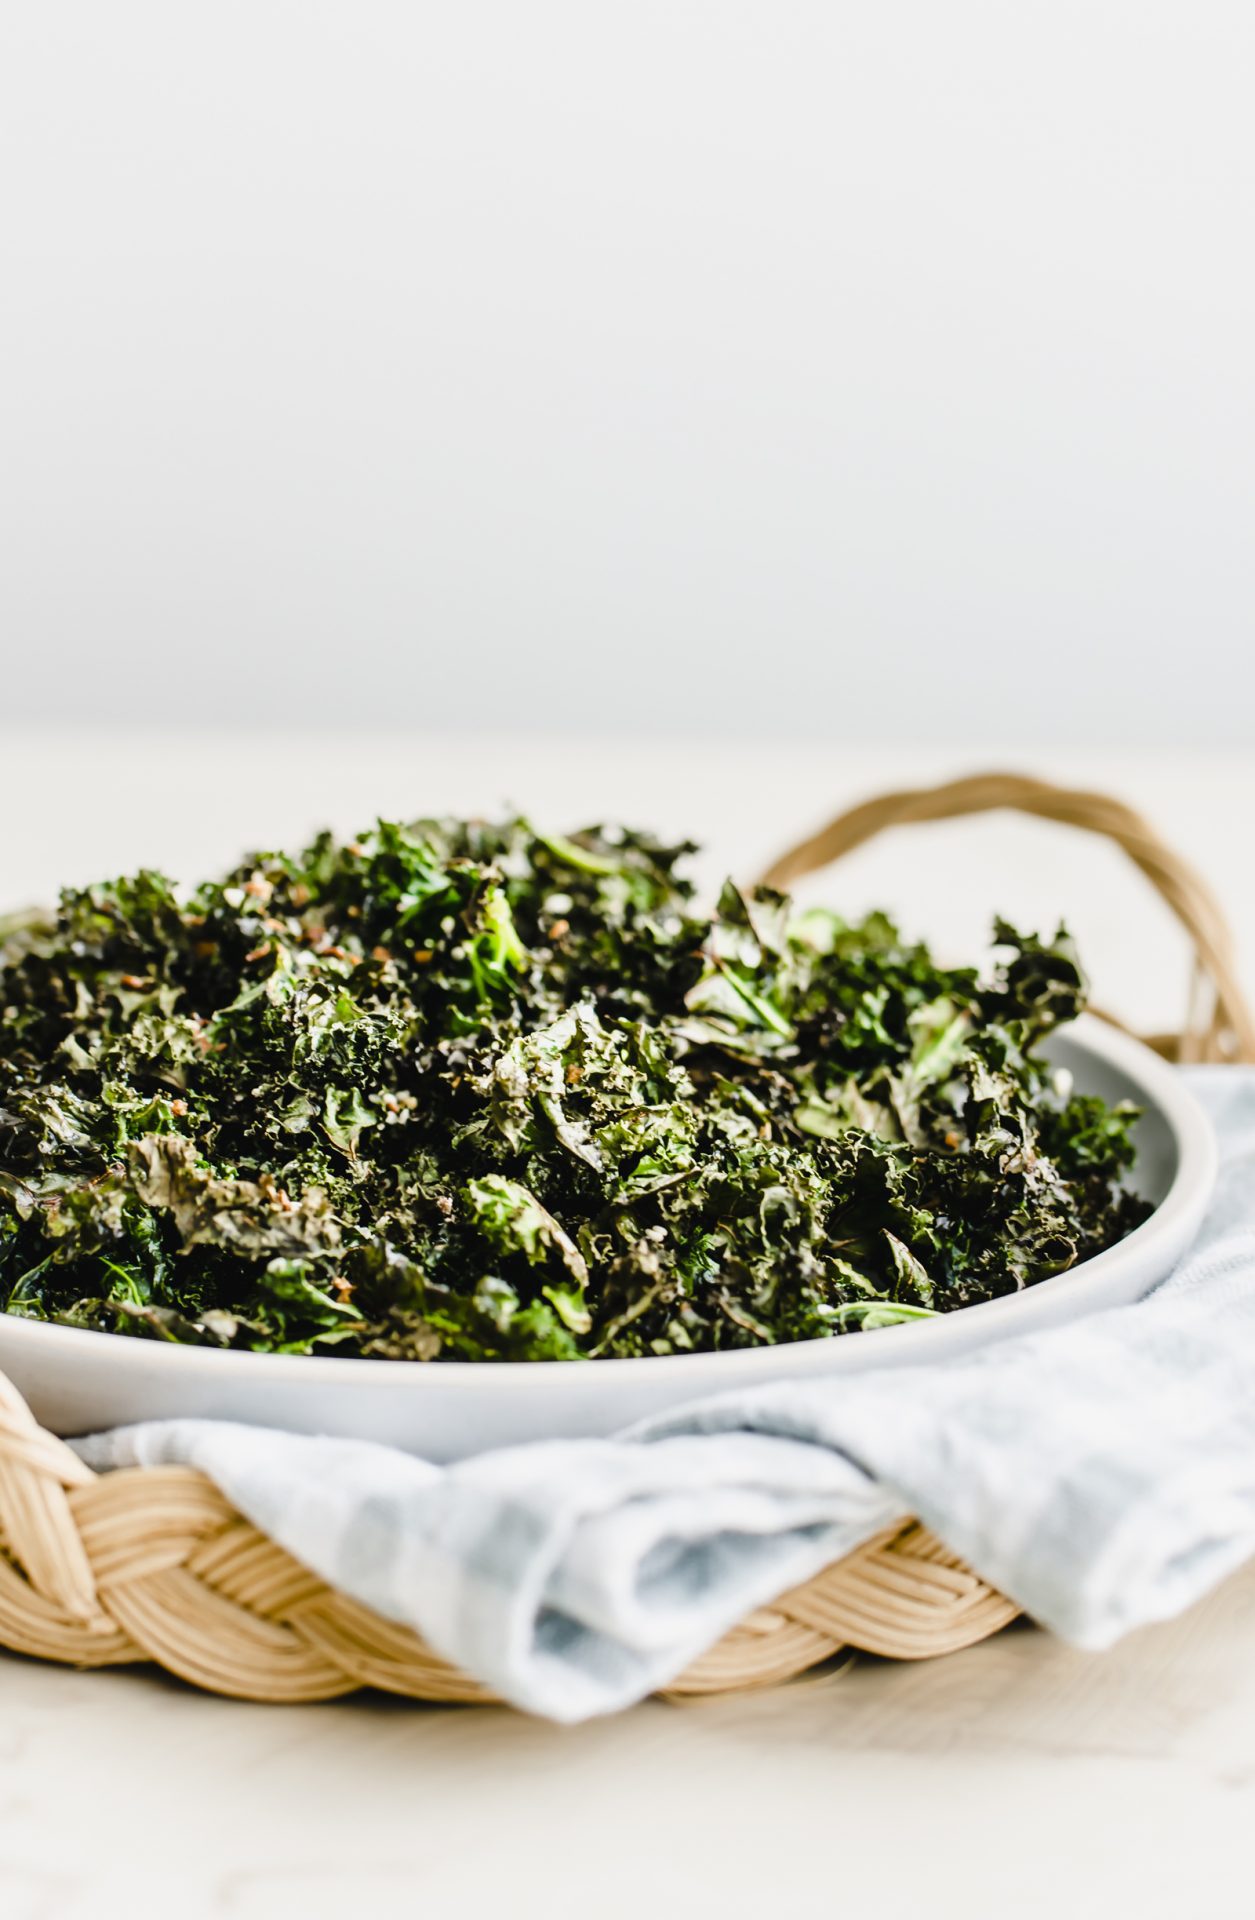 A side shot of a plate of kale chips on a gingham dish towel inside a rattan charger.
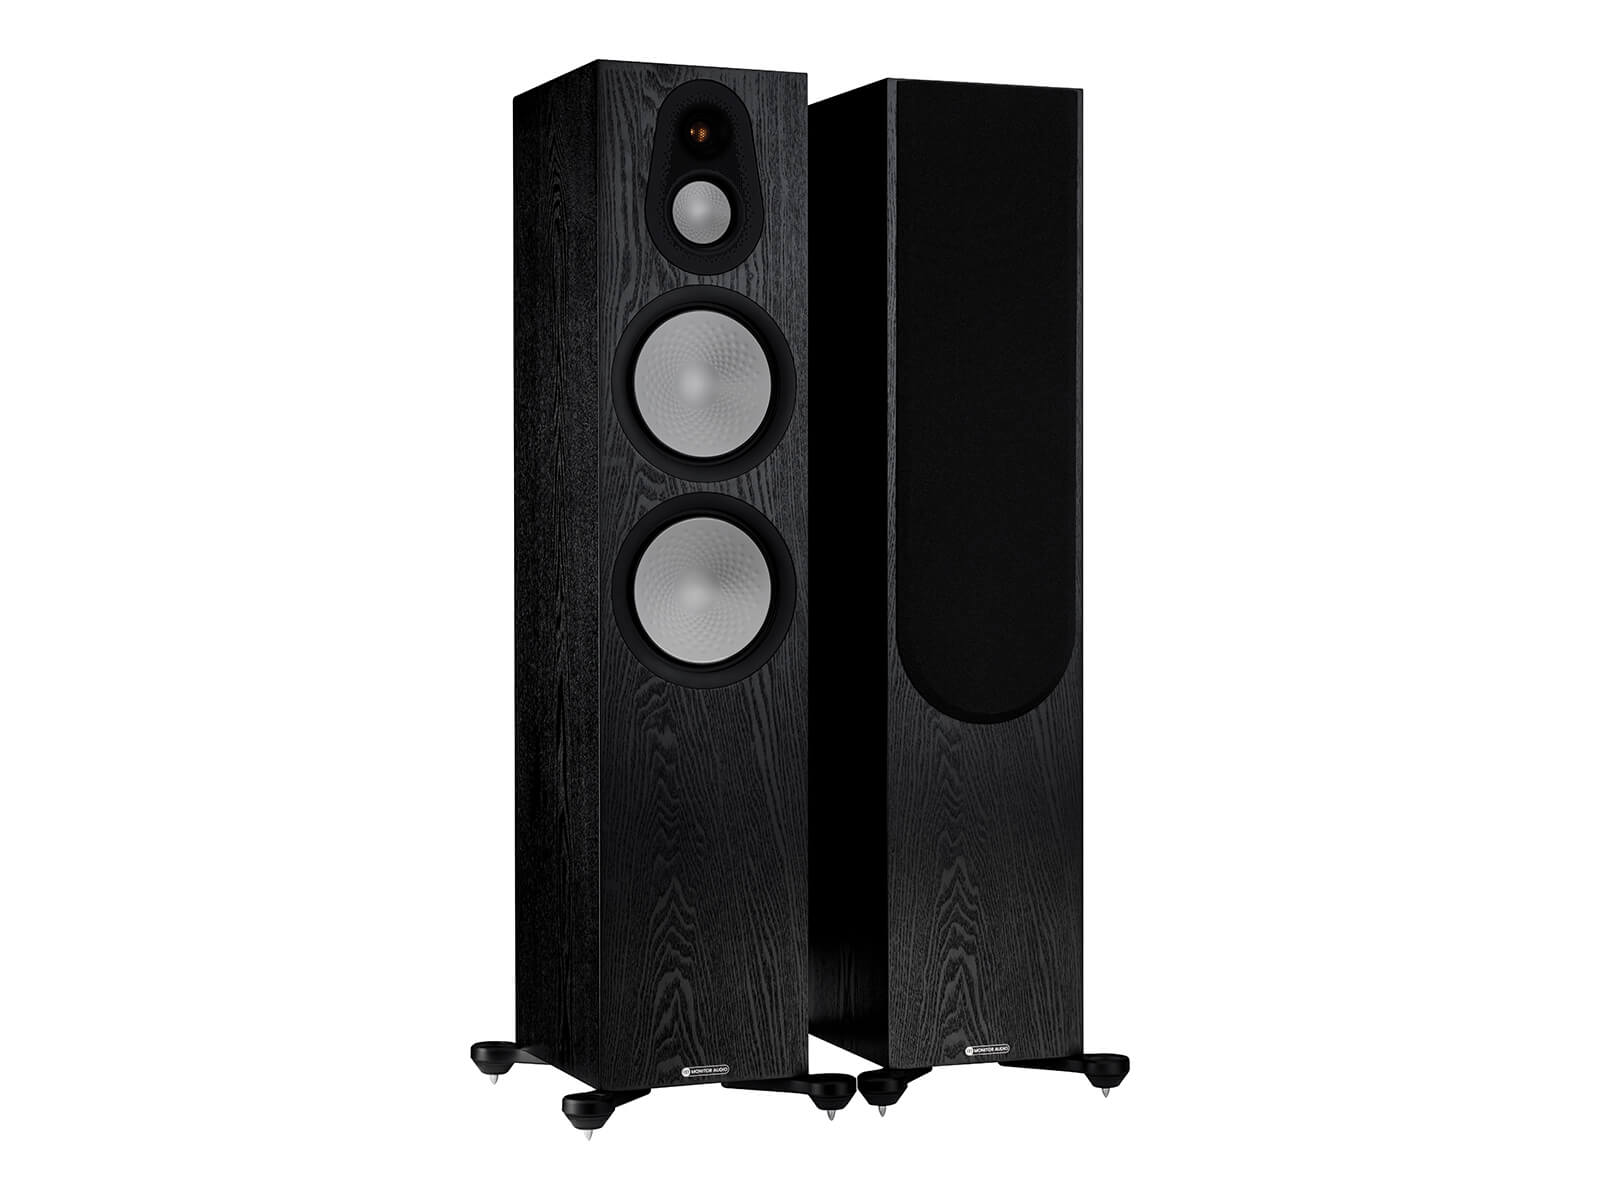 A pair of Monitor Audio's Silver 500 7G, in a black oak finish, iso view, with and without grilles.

==

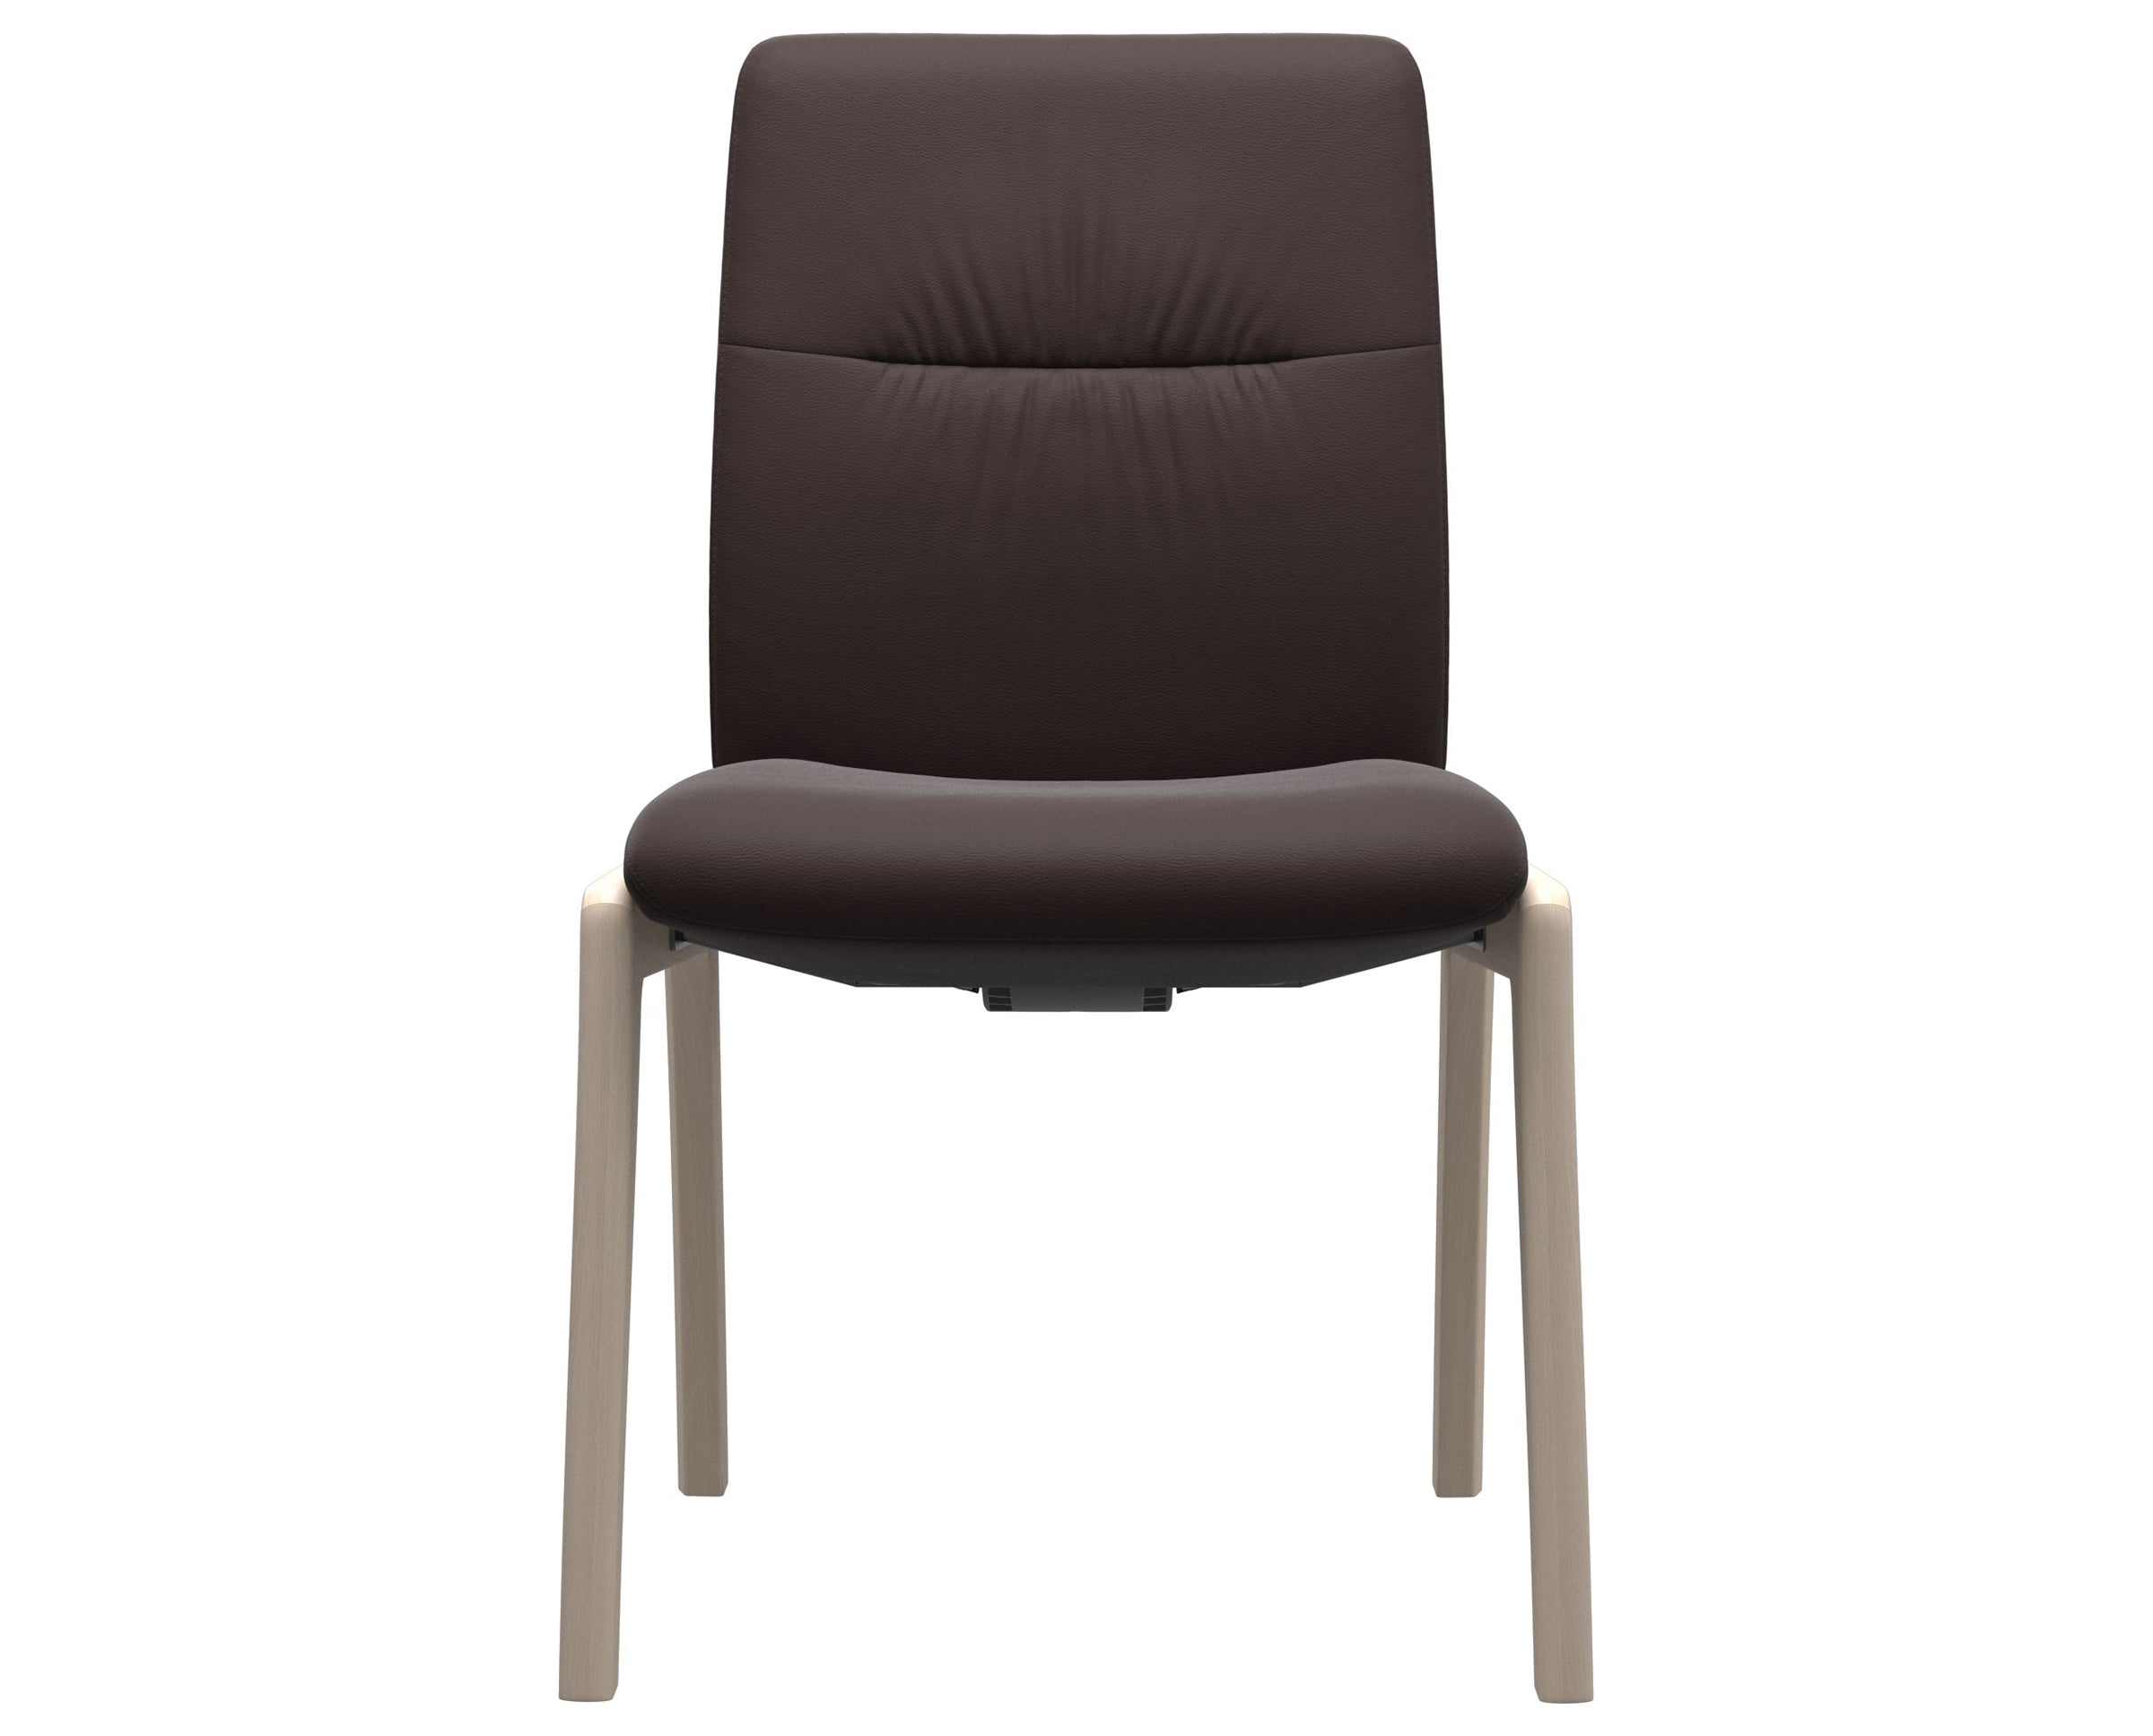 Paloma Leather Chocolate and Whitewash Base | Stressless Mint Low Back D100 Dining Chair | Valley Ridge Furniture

*Your assignment*
While skipping the pictures, transcribe the data above from the line showing "A side shot" through the line showing "A pair of Monitor", exactly and with both ends.

*Response to the task*
 A side shot of a plate of kale chips on a gingham dish towel inside a rattan charger.
 A pair of Monitor Audio's Silver 500 7G, in a black oak finish, iso view, with and without grilles.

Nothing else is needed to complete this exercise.